Extract from Epiq’s article “Minimizing Data to Minimize Exposure: Information Governance and Data Security Overlap”
How important is it for organizations to keep track of their data footprint? The Federal Trade Commission (FTC) thinks this is crucial. On Jan. 9, 2023, the FTC finalized a consent order following a breach. The order was pending since last October. While there were several components, the part involving data minimization is compelling.
Every organization subject to FTC jurisdiction should take note of how the requirements influence information governance and data security practices going forward. Compliance is an ever-growing space and more regulators are emphasizing appropriate security priorities in the digital ago, so failure to get on board can result in investigations and liabilities.

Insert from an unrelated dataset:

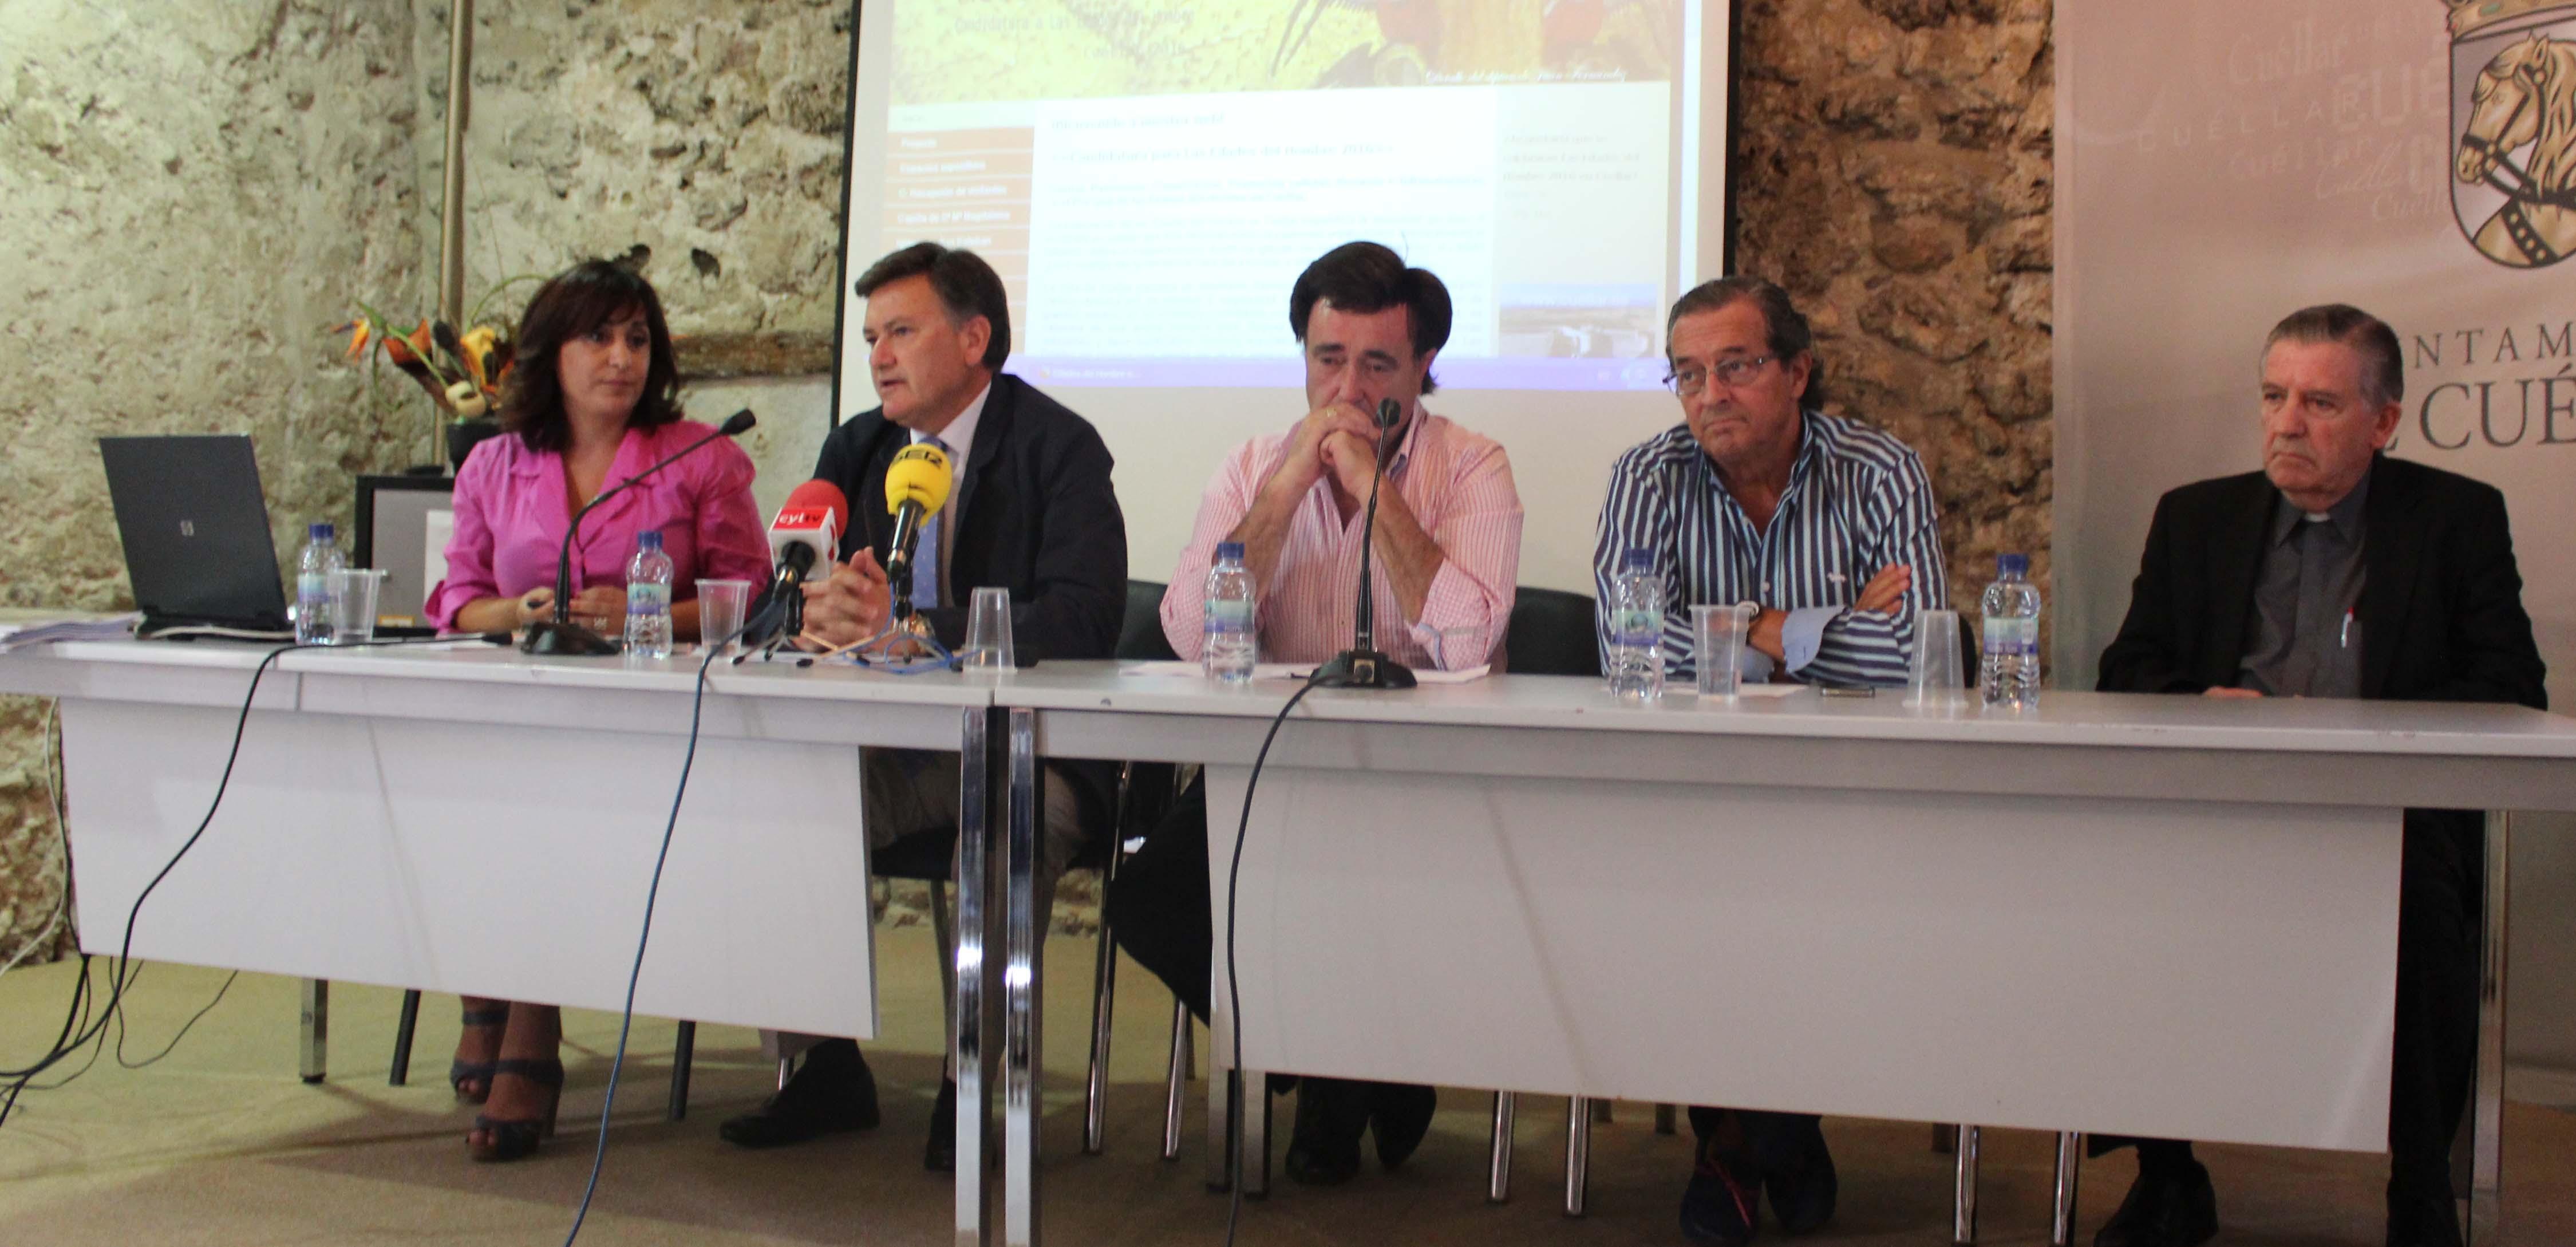 Un momento durante la presentación.De izquierda a derecha: Nuria Fernández, Francisco Vázquez, Jesús García, José Carlos Monsalve y Miguel Ángel Barbado. / J.M.

In 2020, the online alcohol marketplace Drizly underwent a large data breach that put the personal information of roughly 2.5 million consumers at risk. The cause was due to security failures that the organization was made aware of two years before the breach when a prior incident occurred. While Drizly declared to have sufficient security measures, investigation showed that this was untrue. Violations included absence of basic safeguards, use of unsecure platforms, and insufficient threat monitoring. A hacker was able to access an employee account and company database and steal corporate logins and personal customer data.
The FTC took action against Drizly and its CEO for this breach and entered a consent order.